Molto raro: alterazioni degli indici di funzionalità epatica o epatiti, che regrediscono completamente dopo la sospensione del medicinale. Aumento dei livelli degli enzimi epatici (ALT, AST, fosfatasi alcalina), epatite (casi isolati).

Da cute e tessuti sottocutanei.

Non comune: eczema.

Molto raro: reazioni cutanee che includono eritema, prurito, orticaria, dermatite allergica, eruzione eritematosa, eruzione maculopapulare, fotosensibilizzazione.

Dal sistema emolinfopoietico: i disturbi ematologici sono rari e possono includere anemia emolitica, trombocitopenia, leucopenia, pancitopenia, neutropenia, agranulocitosi. Tali manifestazioni di solito regrediscono dopo la sospensione del trattamento.

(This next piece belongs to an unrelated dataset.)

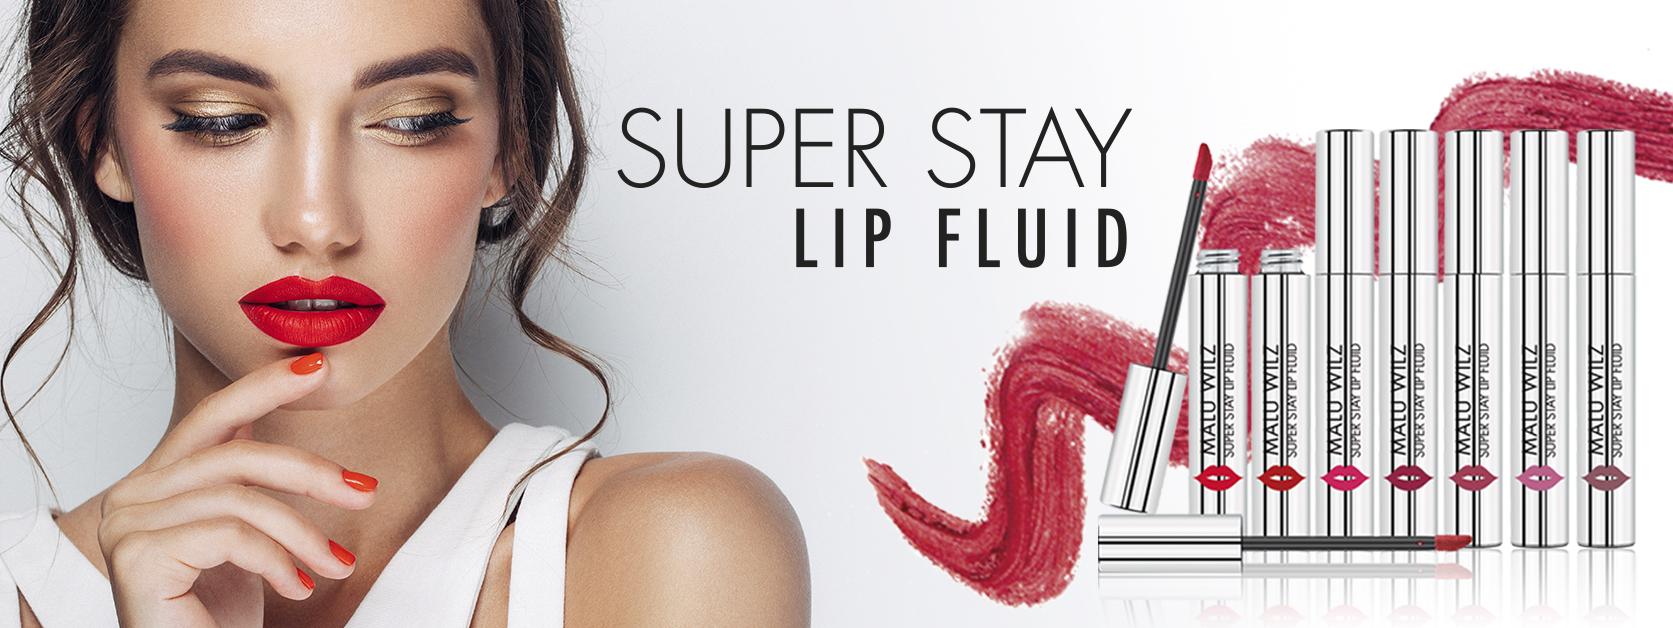 junge Frau mit matten Lippen

Da organi della vista: a causa delle variazioni del livello di glucosio nel sangue possono verificarsi disturbi visivi temporanei, specialmente all'inizio del trattamento. Diplopia, riduzione dell'acutezza visiva.

Dal sistema nervoso.

Non comune: capogiri, sonnolenza, tremore.

Molto raro: cefalea, confusione mentale.

Reazioni tipiche della classe dei farmaci sulfanilurea: sono stati riportati casi di eritropenia, agranulocitosi, anemia emolitica, pancitopenia, vasculite allergica, iponatriemia, aumento dei livelli degli enzimi epatici e persino alterazioni della funzionalità epatica (ad esempio con colestasi e ittero), epatite con regressione dopo la sospensione dei farmaci sulfanilurea o, in casi isolati, con successiva insufficienza epatica potenzialmente letale.

Malattie ereditarie, familiari e genetiche.

Frequenza non nota: porfiria.

Durata della conservazione. 3 anni.

Condizioni di conservazione. Conservare a una temperatura non superiore ai 25 °C, in un luogo asciutto e non accessibile ai bambini.

Confezionamento. 10 compresse in un blister; 6 blister in una confezione di cartone.

Categoria di vendita. Sotto prescrizione medica.

Produttore. Micro Labs Limited.

Indirizzo del produttore e sede operativa.

92, Sipcot Industrial Complex, Hosur, Tamil Nadu, IN-635 126, India.